Data extracted from a collection:

_ _ _ _

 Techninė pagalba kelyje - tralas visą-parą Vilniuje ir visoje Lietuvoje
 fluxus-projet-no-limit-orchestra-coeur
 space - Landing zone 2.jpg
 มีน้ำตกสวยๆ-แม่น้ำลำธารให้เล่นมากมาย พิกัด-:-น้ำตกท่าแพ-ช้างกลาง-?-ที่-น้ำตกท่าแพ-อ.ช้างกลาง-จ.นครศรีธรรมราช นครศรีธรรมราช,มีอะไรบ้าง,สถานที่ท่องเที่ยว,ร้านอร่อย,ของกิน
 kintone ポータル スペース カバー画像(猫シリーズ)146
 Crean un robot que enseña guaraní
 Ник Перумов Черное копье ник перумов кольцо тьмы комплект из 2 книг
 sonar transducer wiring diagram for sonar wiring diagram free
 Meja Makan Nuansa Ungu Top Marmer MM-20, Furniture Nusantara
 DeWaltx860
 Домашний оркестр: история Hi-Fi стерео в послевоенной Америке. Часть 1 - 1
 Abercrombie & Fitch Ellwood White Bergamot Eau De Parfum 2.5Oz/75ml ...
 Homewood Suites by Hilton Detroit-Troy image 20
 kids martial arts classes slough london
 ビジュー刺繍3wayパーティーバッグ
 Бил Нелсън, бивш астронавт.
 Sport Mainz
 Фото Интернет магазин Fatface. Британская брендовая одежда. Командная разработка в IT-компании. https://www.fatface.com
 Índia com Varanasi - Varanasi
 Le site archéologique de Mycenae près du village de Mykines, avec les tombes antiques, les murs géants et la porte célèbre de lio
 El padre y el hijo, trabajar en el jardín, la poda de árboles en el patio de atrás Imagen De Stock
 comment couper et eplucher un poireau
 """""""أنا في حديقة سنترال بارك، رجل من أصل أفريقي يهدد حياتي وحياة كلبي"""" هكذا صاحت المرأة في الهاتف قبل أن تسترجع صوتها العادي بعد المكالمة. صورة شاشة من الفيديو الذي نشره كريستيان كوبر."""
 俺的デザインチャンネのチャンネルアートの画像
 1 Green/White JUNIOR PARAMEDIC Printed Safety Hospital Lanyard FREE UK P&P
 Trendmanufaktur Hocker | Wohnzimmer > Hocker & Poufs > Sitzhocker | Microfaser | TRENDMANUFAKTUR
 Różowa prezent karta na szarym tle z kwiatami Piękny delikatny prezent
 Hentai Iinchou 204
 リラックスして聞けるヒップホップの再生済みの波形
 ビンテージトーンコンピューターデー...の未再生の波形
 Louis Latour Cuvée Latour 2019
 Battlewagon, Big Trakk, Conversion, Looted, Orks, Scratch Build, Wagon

_ _ _ _

**Exercise objective:**
Proceeding from the line containing "kintone ポータル スペース カバー画像(猫シリーズ)146" through the line containing "Abercrombie & Fitch", transcribe the lines above exactly, both end lines included.

**Solution for this problem:**
 kintone ポータル スペース カバー画像(猫シリーズ)146
 Crean un robot que enseña guaraní
 Ник Перумов Черное копье ник перумов кольцо тьмы комплект из 2 книг
 sonar transducer wiring diagram for sonar wiring diagram free
 Meja Makan Nuansa Ungu Top Marmer MM-20, Furniture Nusantara
 DeWaltx860
 Домашний оркестр: история Hi-Fi стерео в послевоенной Америке. Часть 1 - 1
 Abercrombie & Fitch Ellwood White Bergamot Eau De Parfum 2.5Oz/75ml ...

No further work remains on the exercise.